Exercise description » Your copy runs from the line containing "夜の伏見稲荷は少し怖くてでも幻想的 伏見 京都" through the last line of the listing, both included. Restate those lines word for word and leave out pictures.

Stored data »
▬▬▬▬▬▬
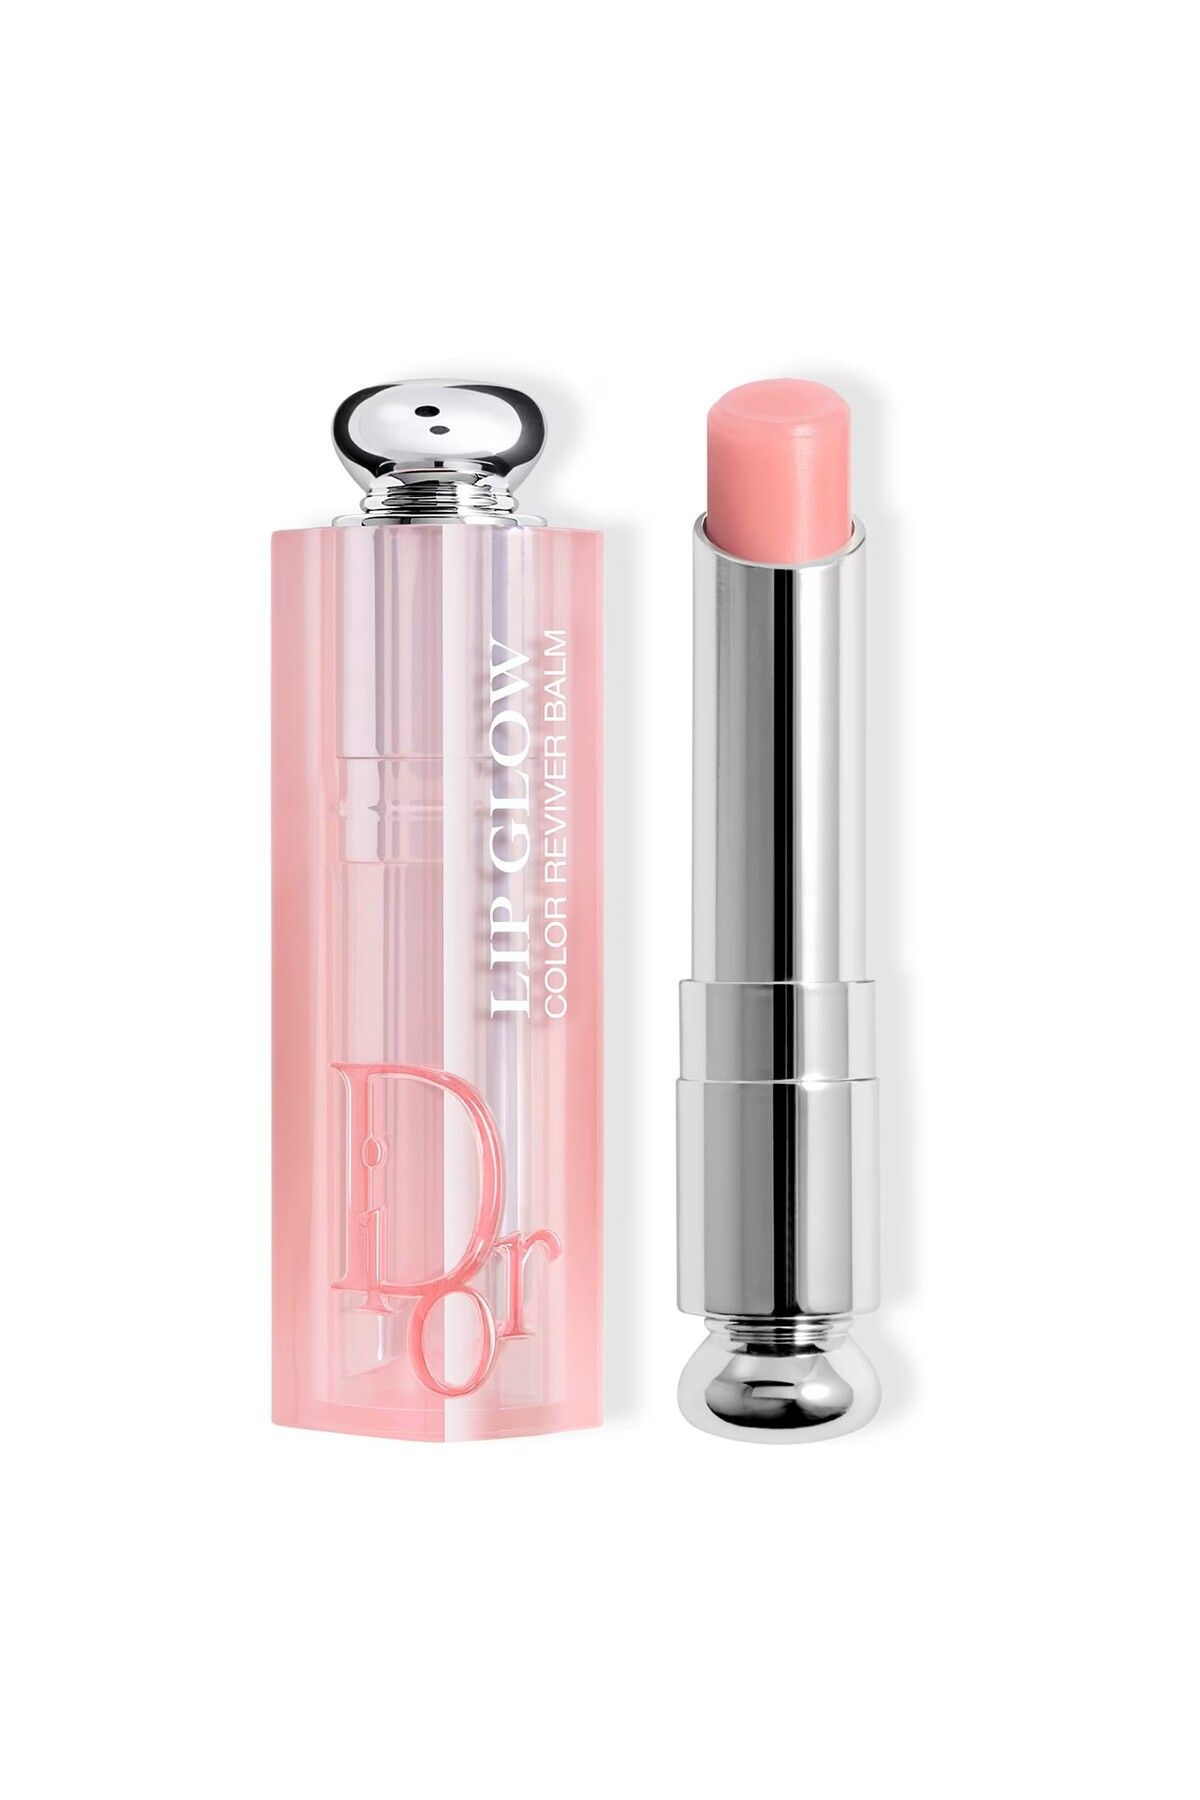 Dior Addict Lip Glow-Kiraz Yağı İçerikli 24 Saat Boyunca Nemlendirici Işıltılı Lip Glow
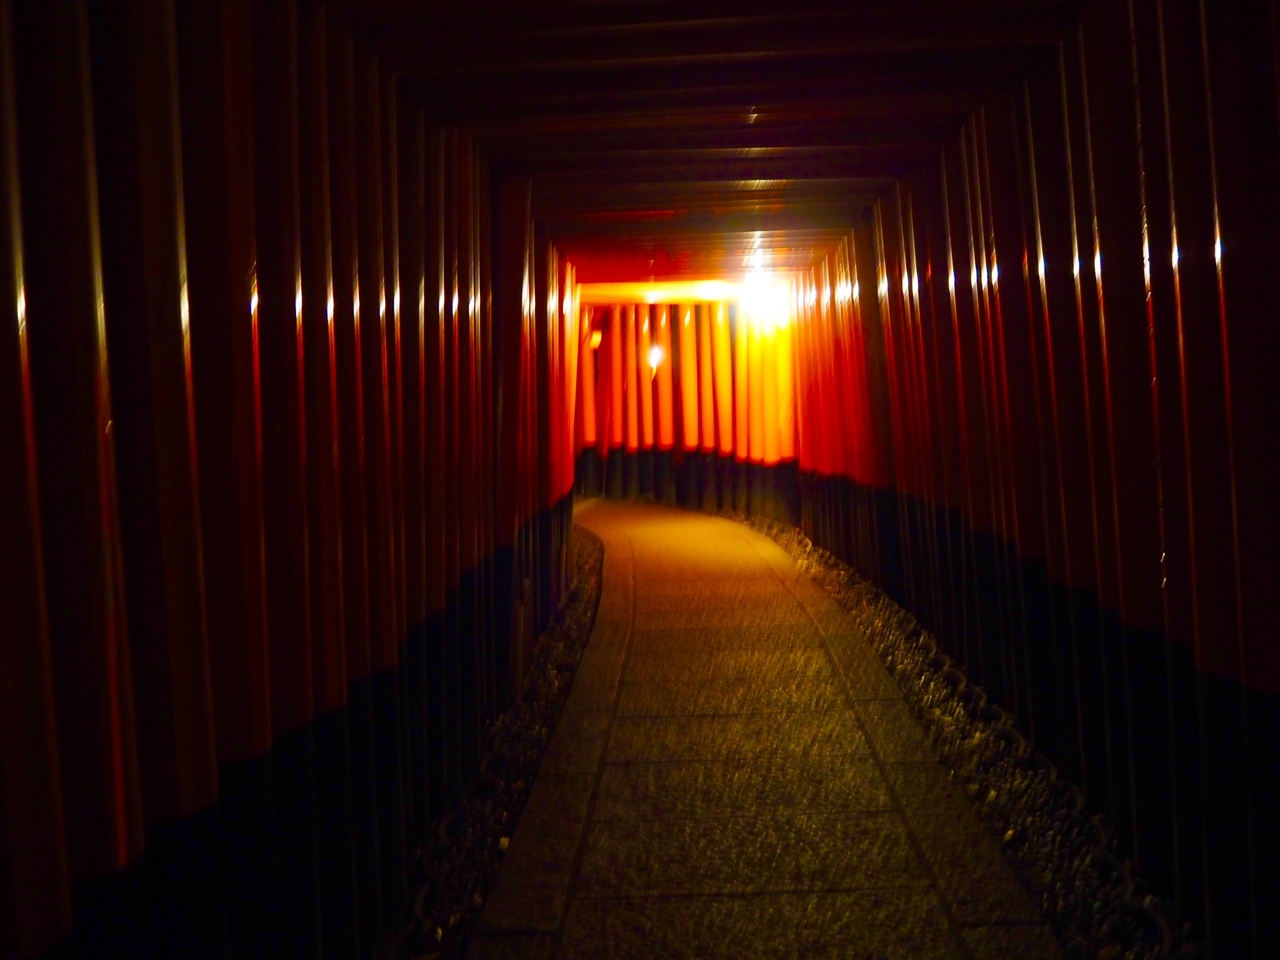 夜の伏見稲荷は少し怖くてでも幻想的 伏見 京都 の旅行記 ブログ By えるざさん フォートラベル
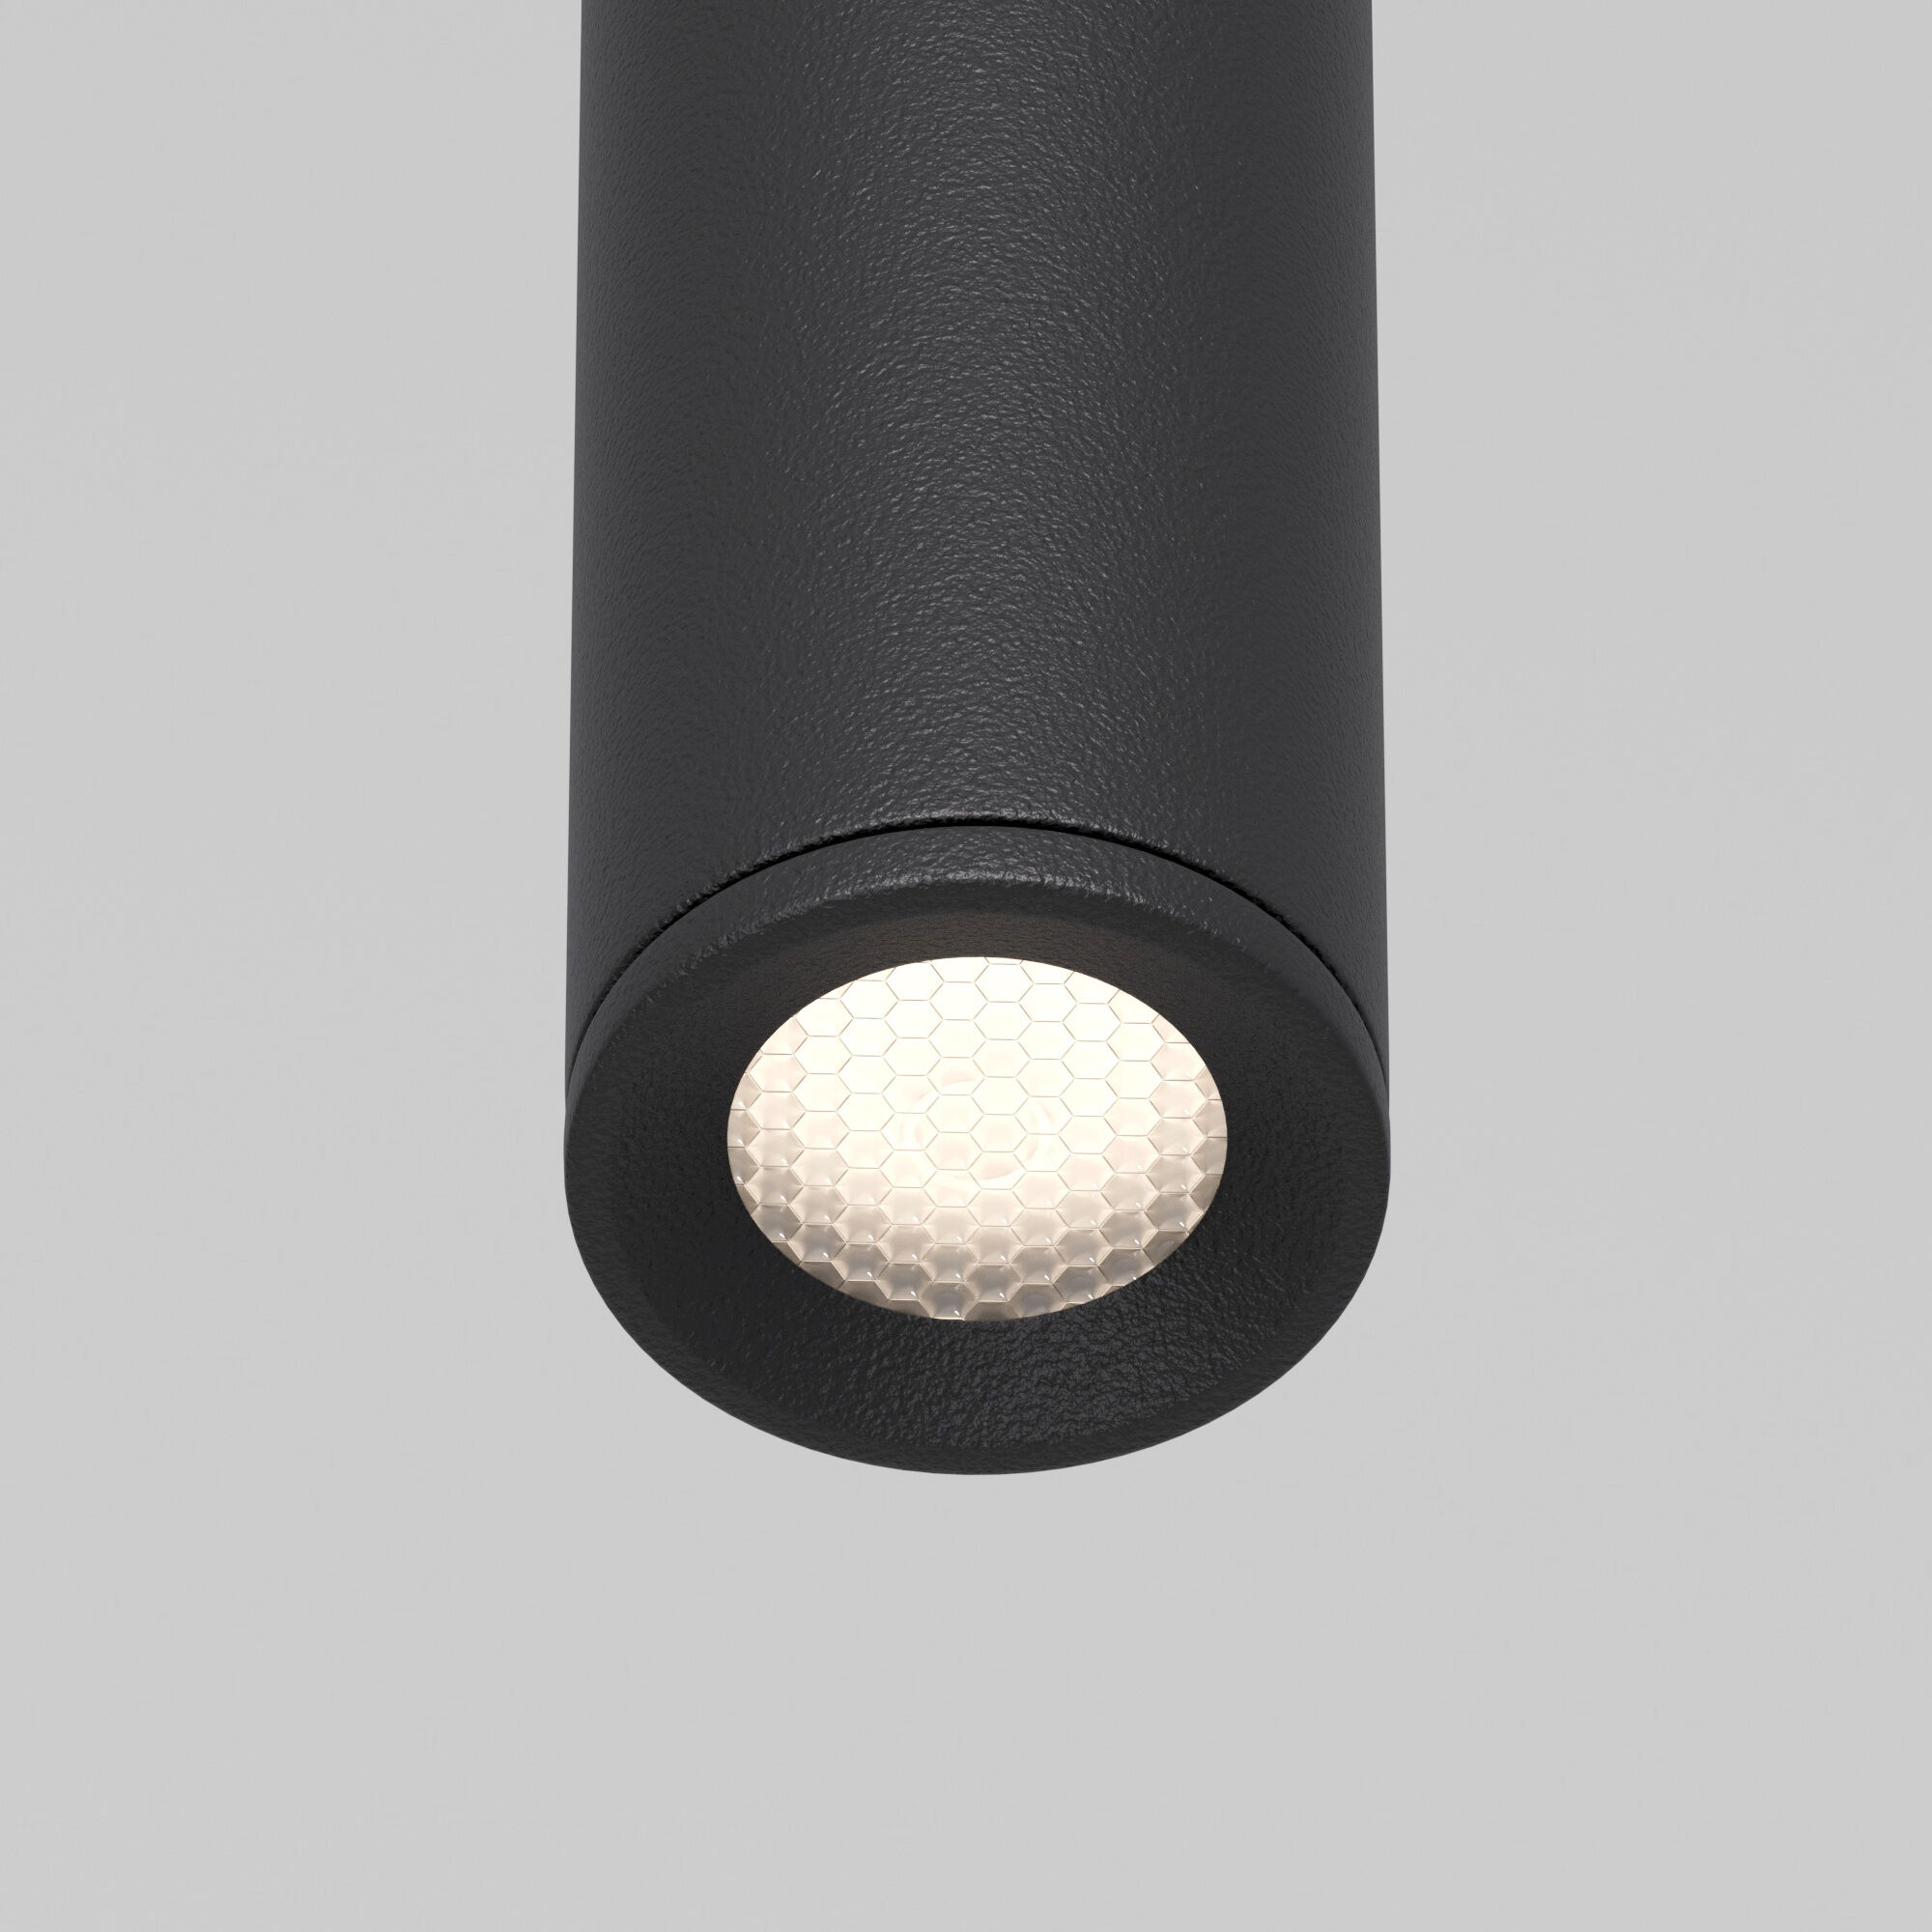 Подвесной светодиодный светильник Flinn 4W 4000К черный 50263 LED
▬▬▬▬▬▬
Answer to this task »
 夜の伏見稲荷は少し怖くてでも幻想的 伏見 京都 の旅行記 ブログ By えるざさん フォートラベル
 Подвесной светодиодный светильник Flinn 4W 4000К черный 50263 LED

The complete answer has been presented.